The more granular details, however, were not as impressive. Most notably, March industrial output missed expectations and first-quarter fixed-asset investment growth was slower, Reuters reported.

March retail sales also rose slightly more than analysts expected.

Asian stocks had mixed responses to the data, opening higher but then largely going flat. Hong Kong and Shanghai retreated Tuesday despite better-than-expected growth figures coming out of Beijing.

“There are two stories here, one backward looking and one forward looking,” Robert Subbaraman, chief economist for Asia excluding Japan at Nomura in Singapore, told Moneycontrol. Related: A Sanctions War Could Cripple U.S. Corporations

“Underneath the stable GDP growth is quite rapid rebalancing from industrial, investment and old economy sectors to consumption, services and new economy sectors like tech. This is encouraging. … The more timely March data, however, point to nascent signs of a growth slowdown underway, led by these old economy sectors," Subbaraman said.

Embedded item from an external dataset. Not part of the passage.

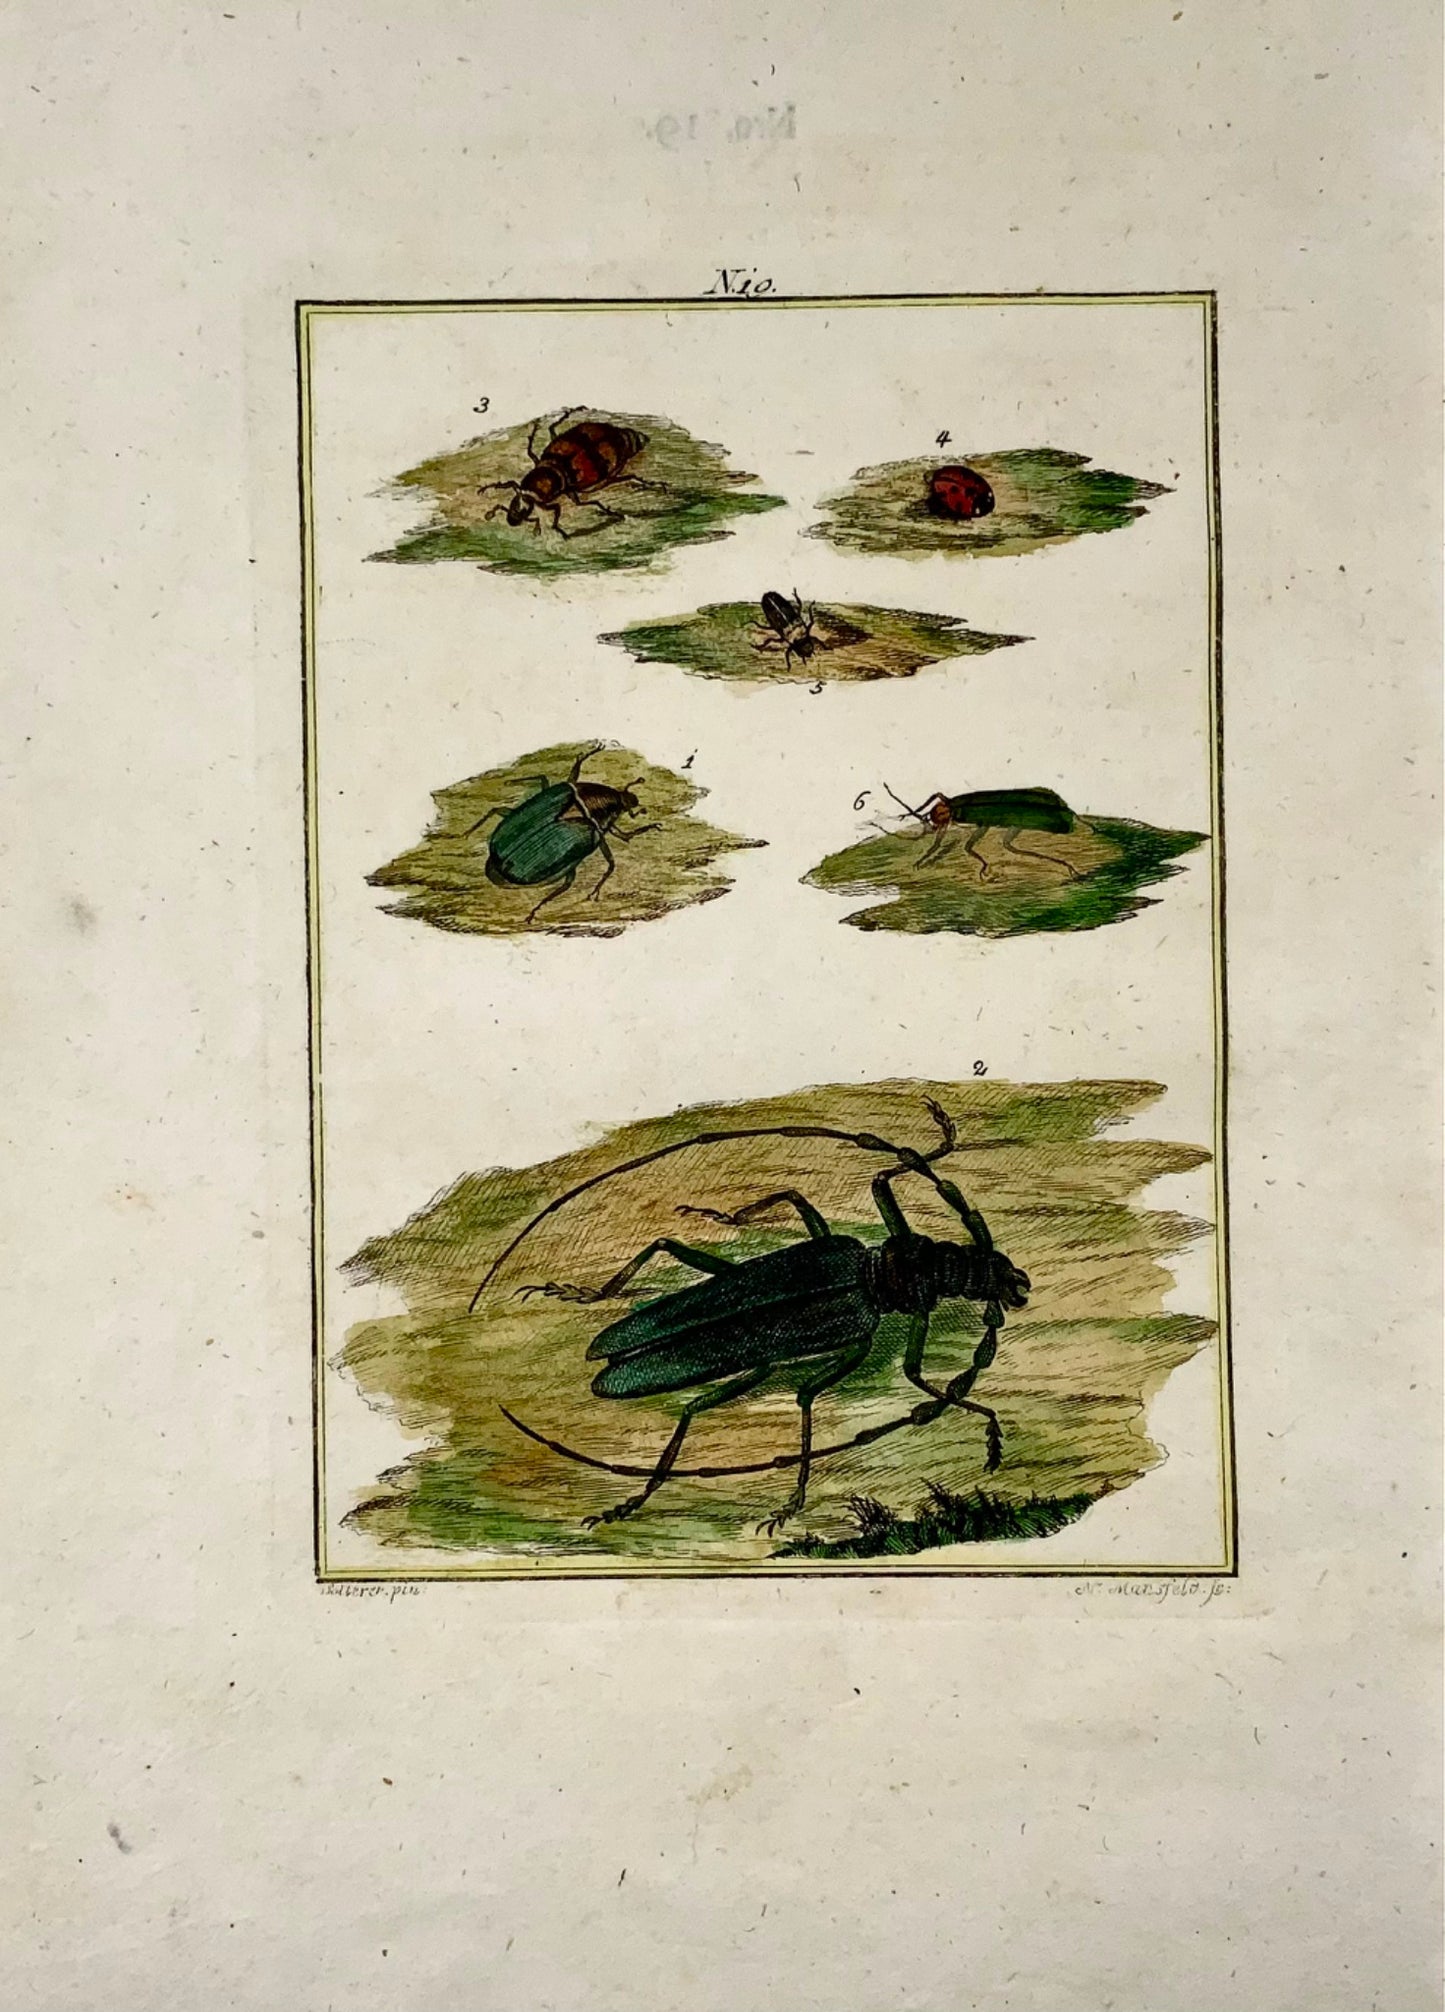 1790 Beetles, insects, Joh. Sollerer hand coloured engraving

“In practice, growth is almost certainly slower than officials claim and looks to have edged down slightly last quarter. But the big picture is that economic momentum did hold up fairly well in Q1, with the easing of pollution controls sparking a recovery in industrial activity,” Julian Evans-Pritchard of Capital Economics said in comments carried by The Associated Press.

Likewise, speaking to CNN Money, Capital Economics senior China economist Julian Evans-Pritchard, said “We think a further slowdown is on the cards before the end of the year”.

Macquarie’s Larry Hu echoed similar sentiments, calling the Q1 peak of growth in China’s massive export sector and expecting a slowdown in the coming months.

In the meantime, Beijing is shrugging off threats to its growth posed by Trump’s tariff binge, with a government spokesman saying $150 billion in tariff hike threats coming from the U.S. will not derail the $12-trillion-a-year economy.

“China is fully capable of responding to Sino-U.S. trade frictions, responding to challenges and maintaining sustained and health economic development,” National Bureau of Statistics spokesman Xing Zhihong told a news conference.

Related: British Pound Soars To Highest Level Since Brexit

But it’s not only a trade war that has markets acting cautiously: Chinese government efforts to reduce financial system risk and far-reaching policies to close down factories that are being run inefficiently and polluting the atmosphere are also making Asian markets nervous.

Another element subduing responses to China data is transparency, with economists often expressing skepticism over official figures. As Quartz notes, a Chinese governor admitted last year to having inflated GDP figures for years, saying “Officials produce the numbers, and the numbers produce officials.”